■ **Task requirements**: Nothing but the lines from the one with "Lana Del Rey" down to the one with "Très Paris is" should be returned, exactly and with both ends included, from the material below.

### Provided data ###

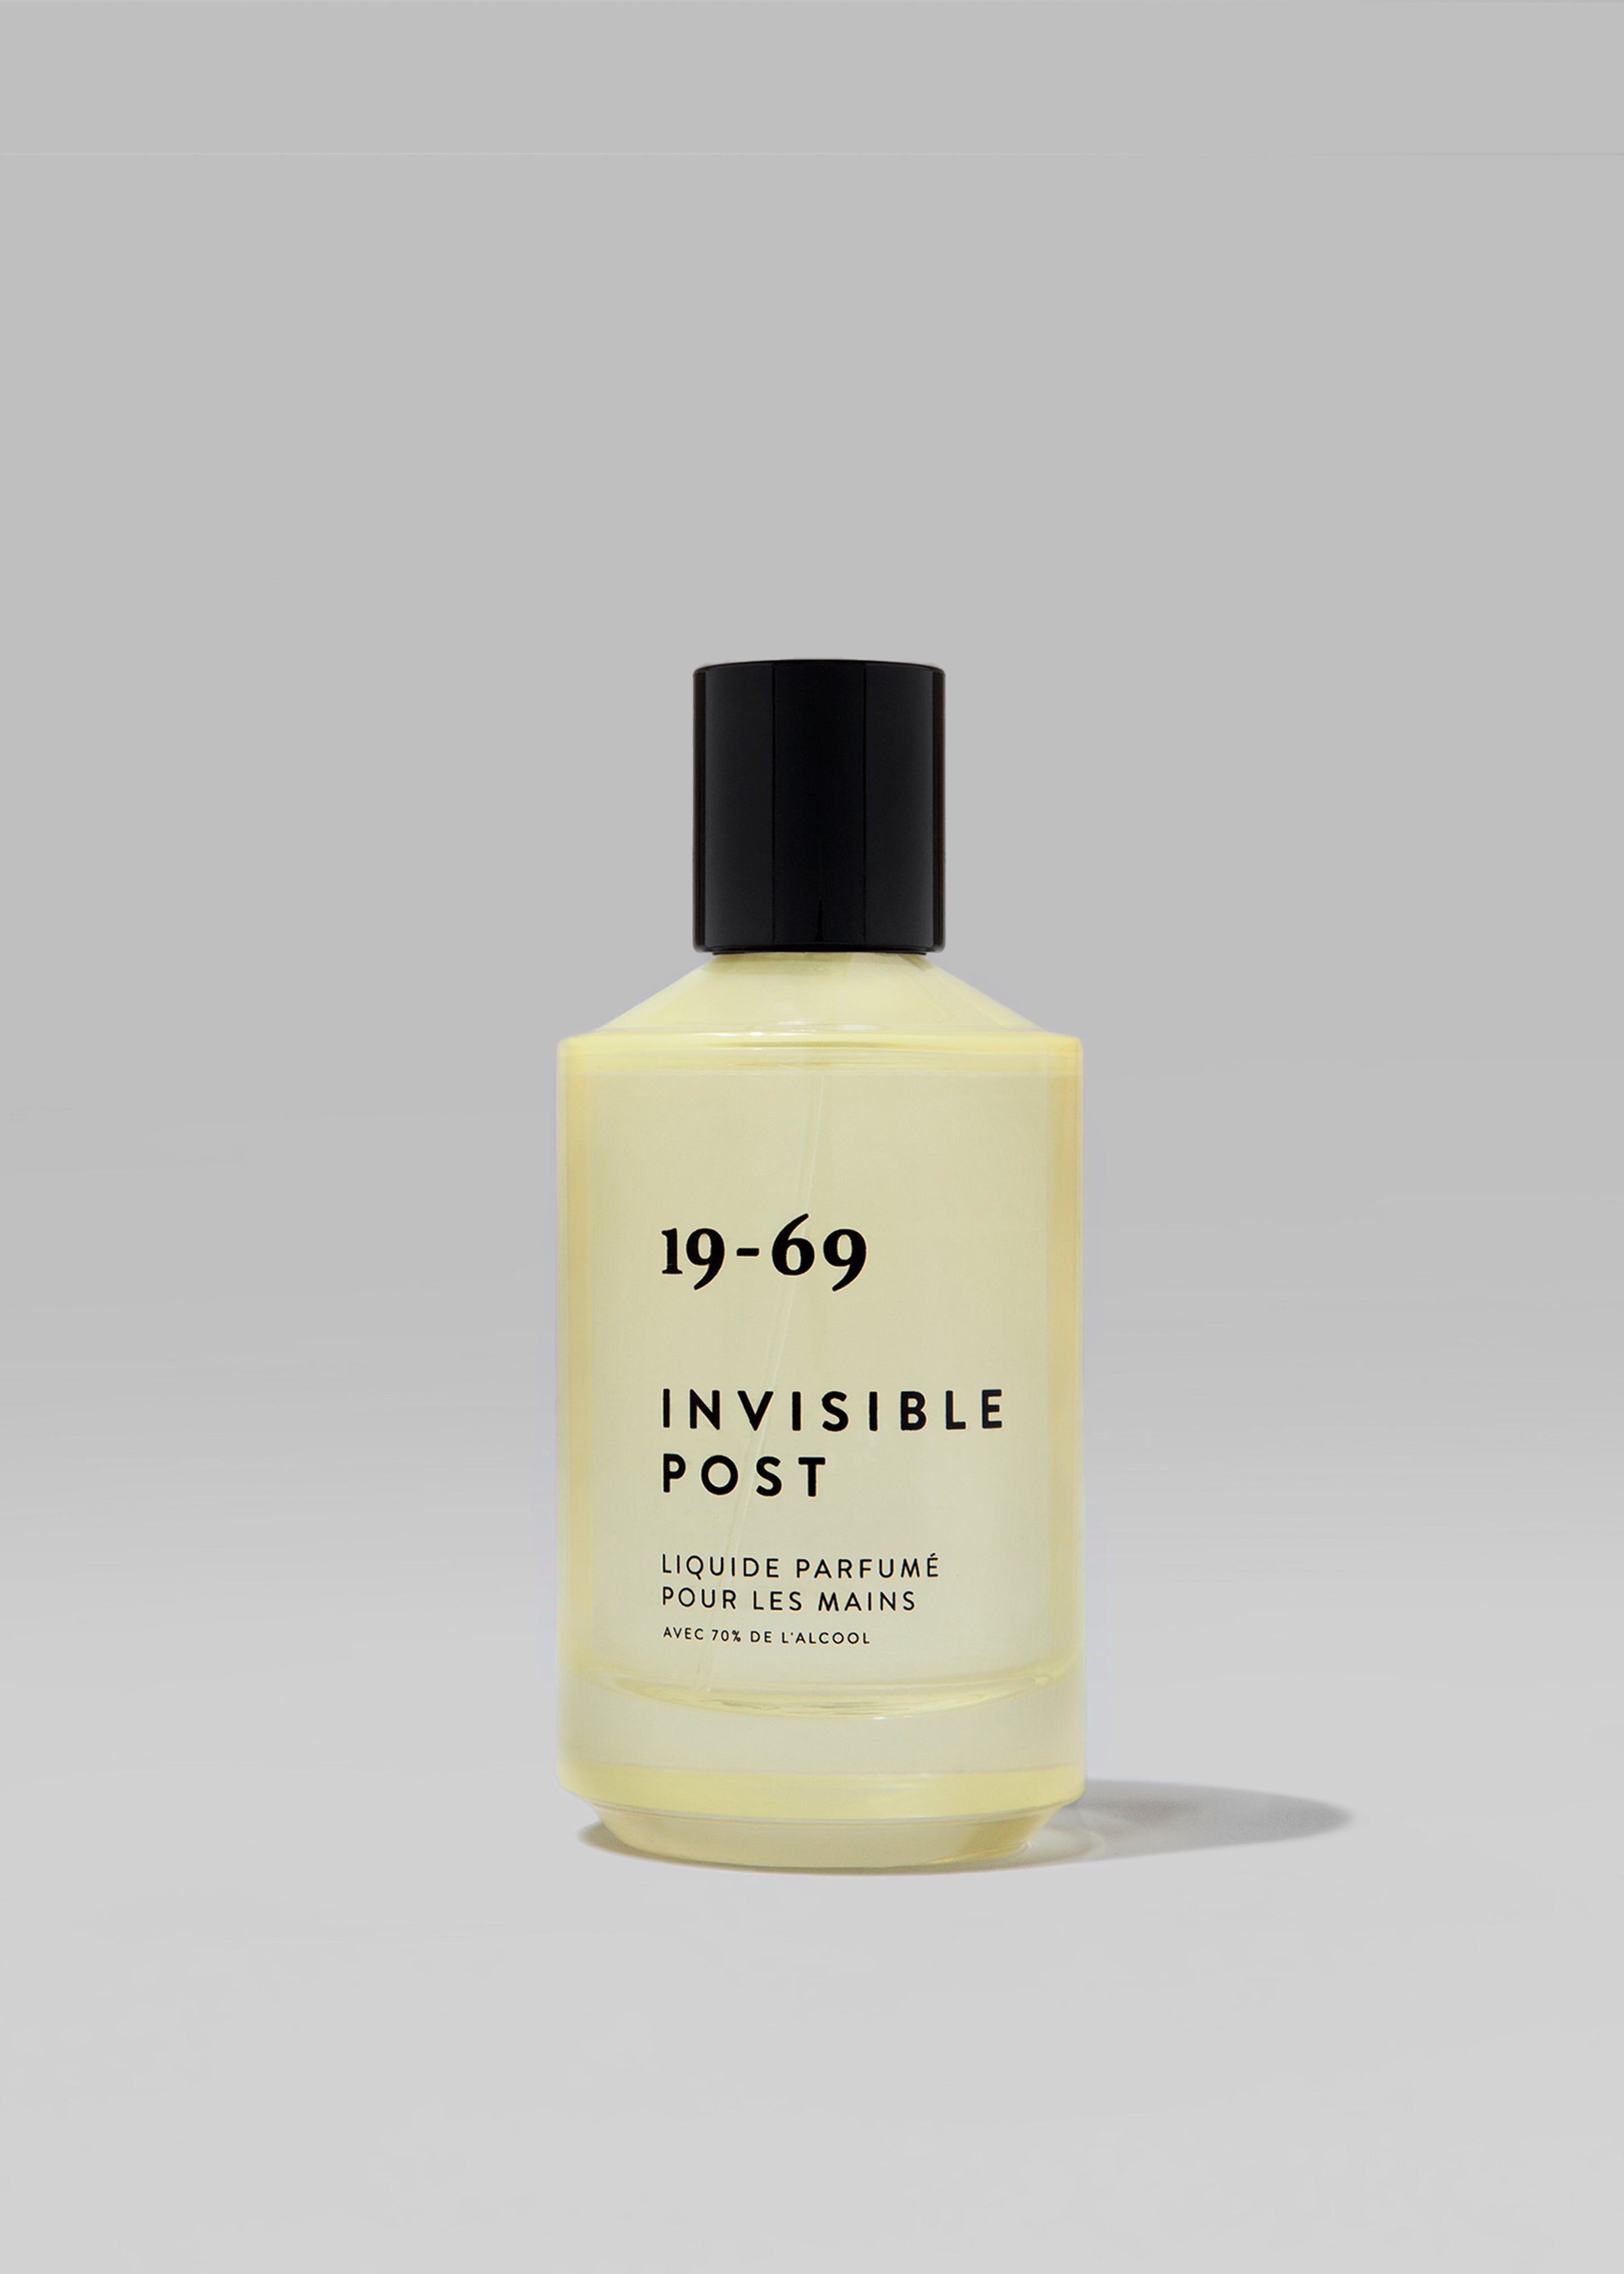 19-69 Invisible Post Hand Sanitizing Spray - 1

###
### Provided data ###

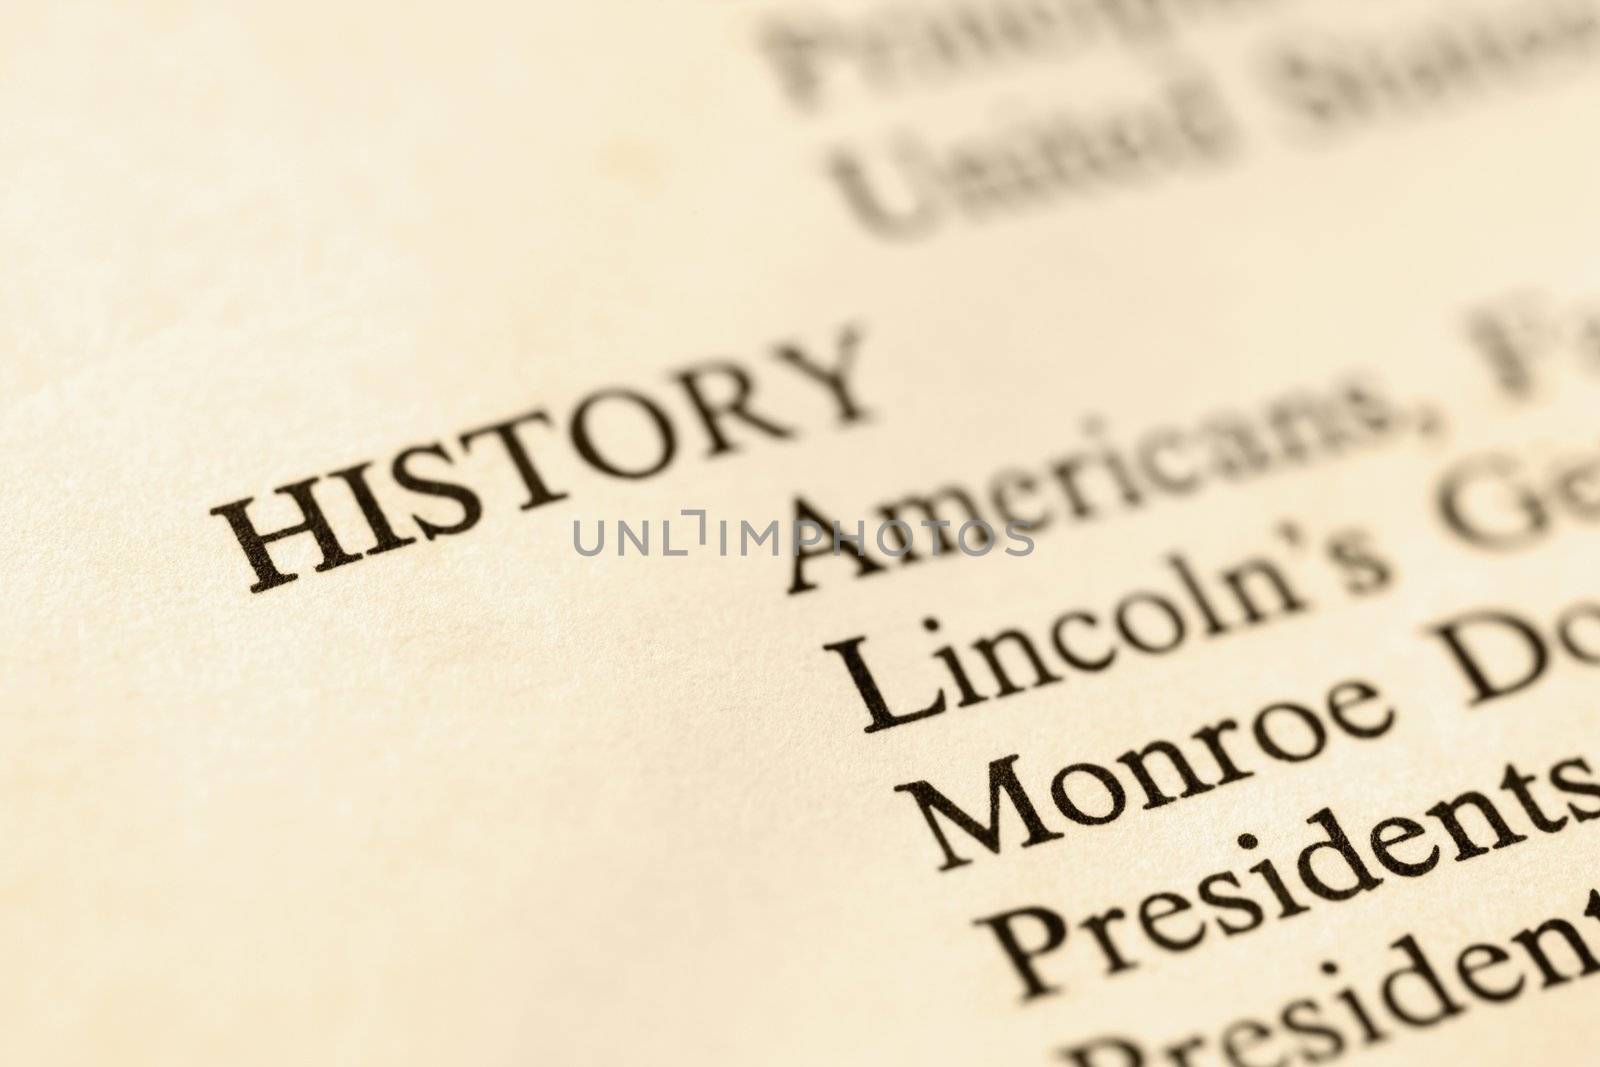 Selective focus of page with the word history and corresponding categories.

###
### Provided data ###

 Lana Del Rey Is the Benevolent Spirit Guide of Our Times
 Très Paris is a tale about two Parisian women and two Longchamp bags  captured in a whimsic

###

■ **Task solution**:
 Lana Del Rey Is the Benevolent Spirit Guide of Our Times
 Très Paris is a tale about two Parisian women and two Longchamp bags  captured in a whimsic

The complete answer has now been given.